SOURCE DATA section start
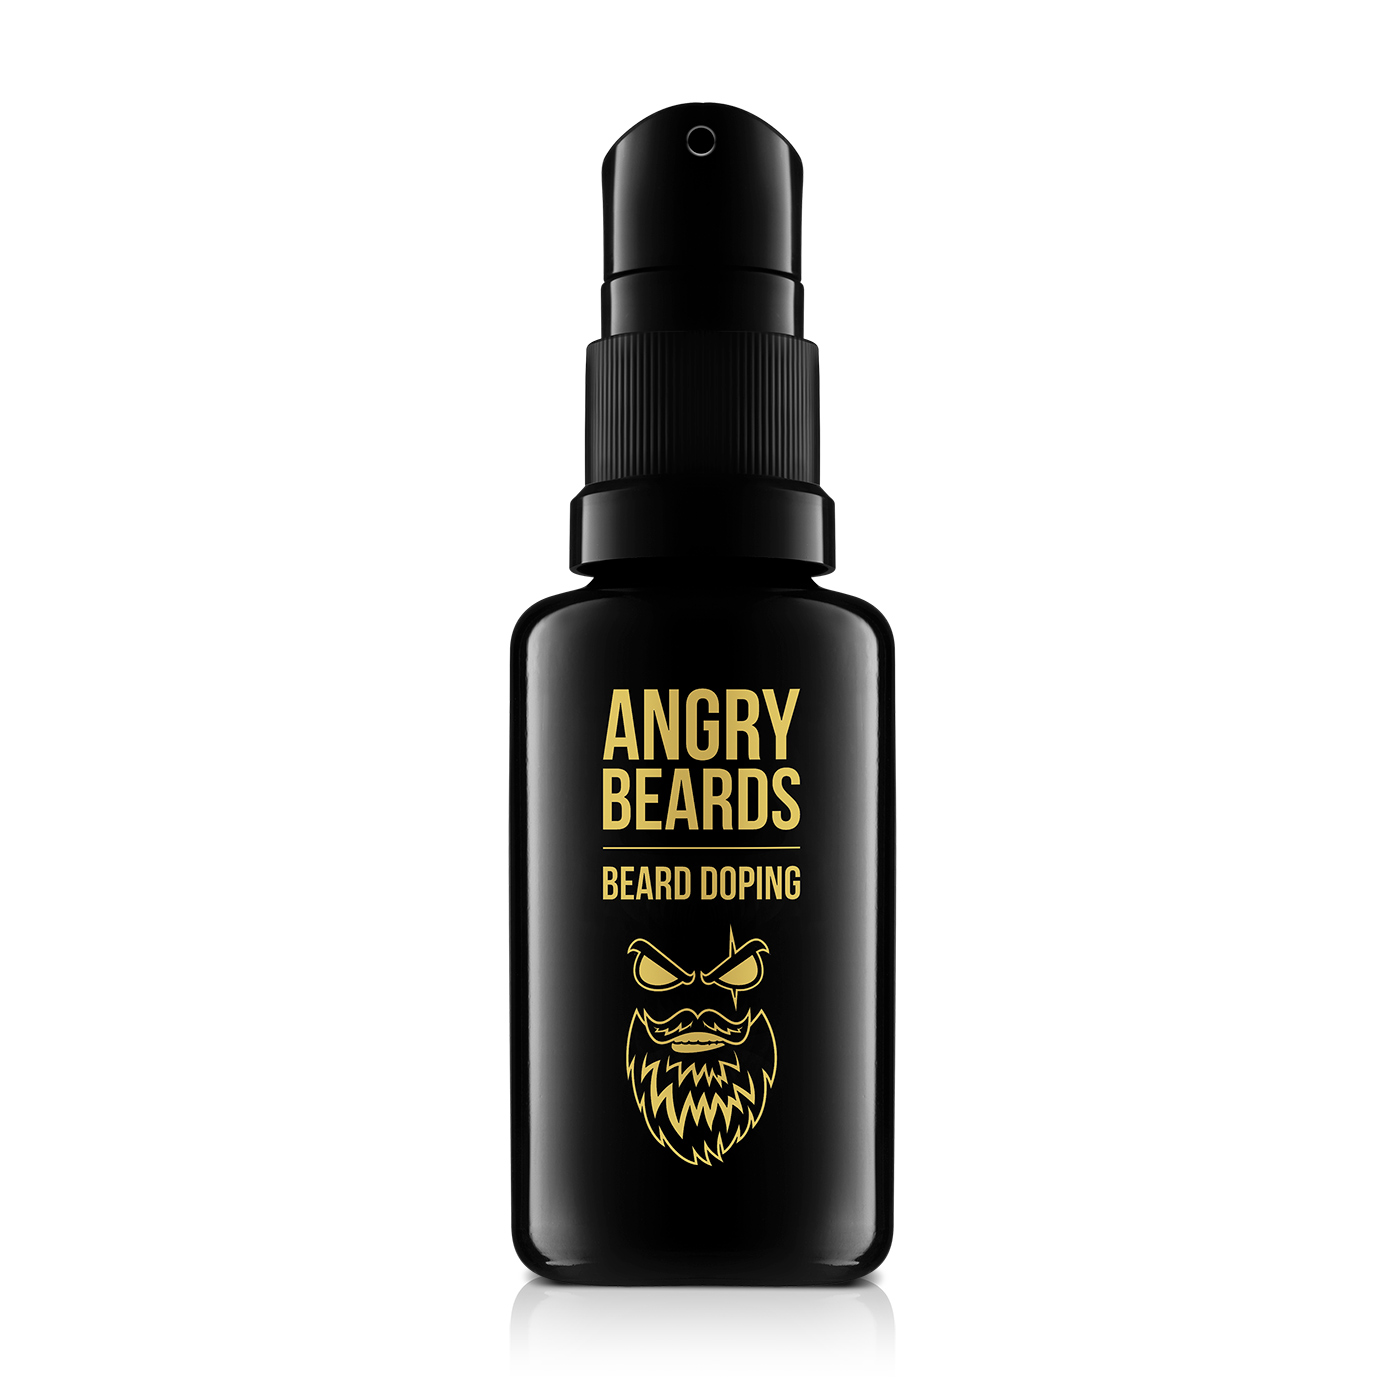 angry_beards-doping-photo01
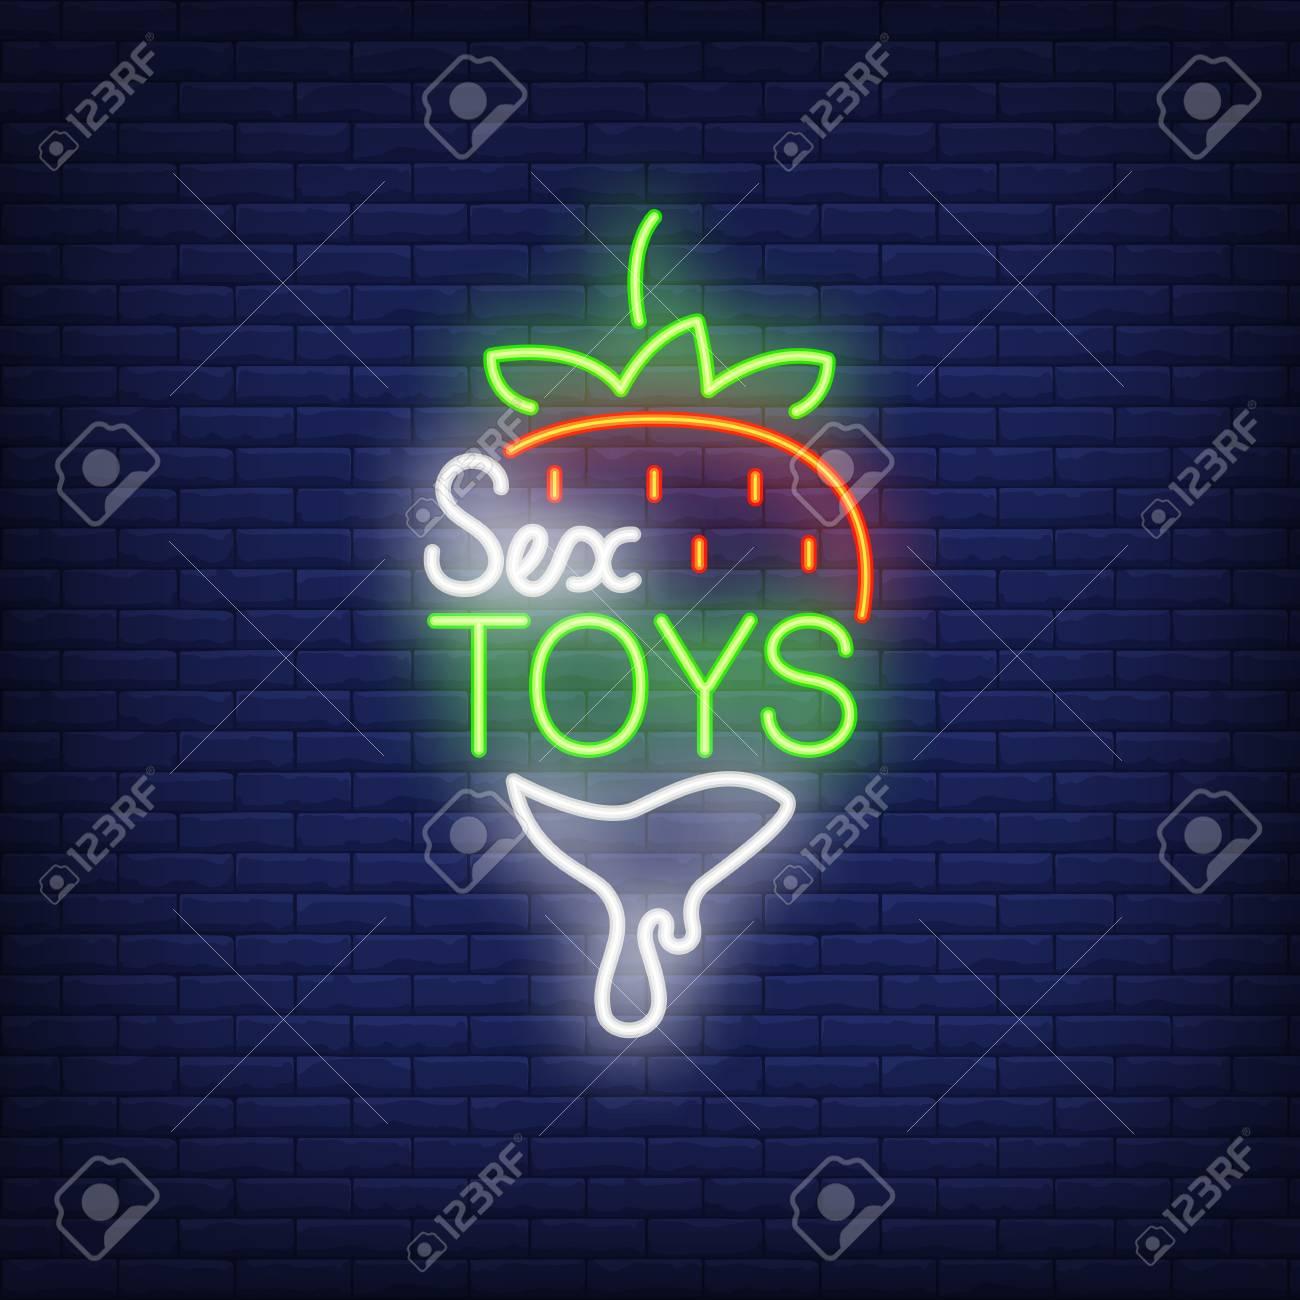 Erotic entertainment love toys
SOURCE DATA section end
SOURCE DATA section start
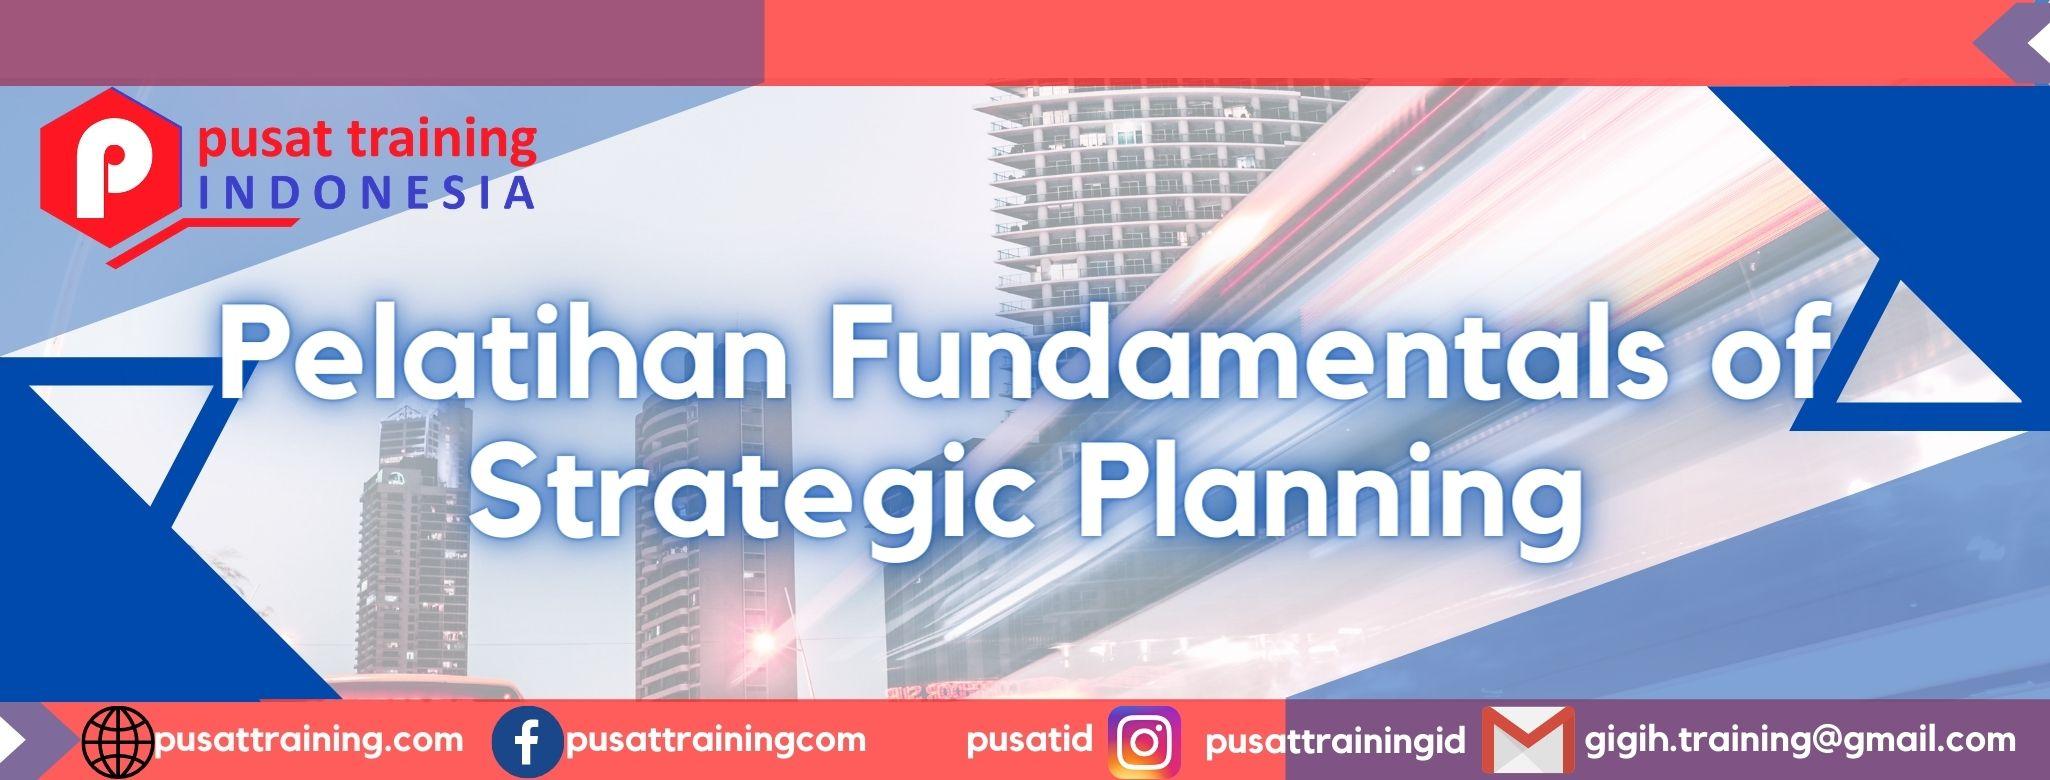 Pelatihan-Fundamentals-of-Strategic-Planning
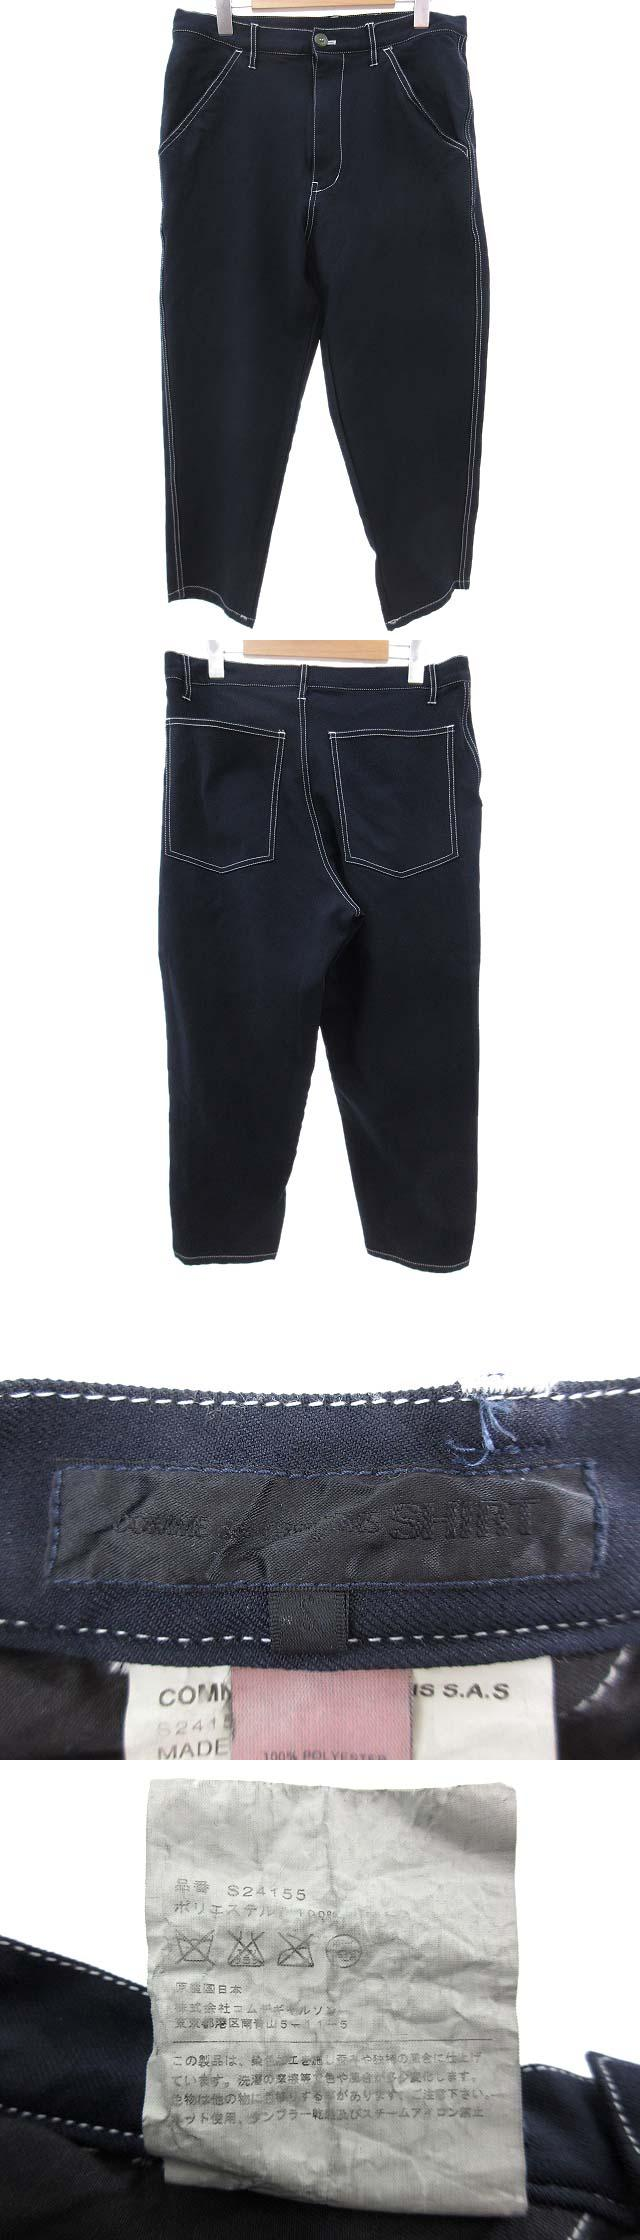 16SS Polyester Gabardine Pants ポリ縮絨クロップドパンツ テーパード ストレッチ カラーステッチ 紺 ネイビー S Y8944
SOURCE DATA section end
# [BRIEF]
Here the job is to copy the listing above word for word, starting at the line with "angry_beards-doping-photo01" and ending at the line with "Erotic entertainment love toys", and to leave out the pictures.

# [RESULT OF THIS TASK]
 angry_beards-doping-photo01
 Erotic entertainment love toys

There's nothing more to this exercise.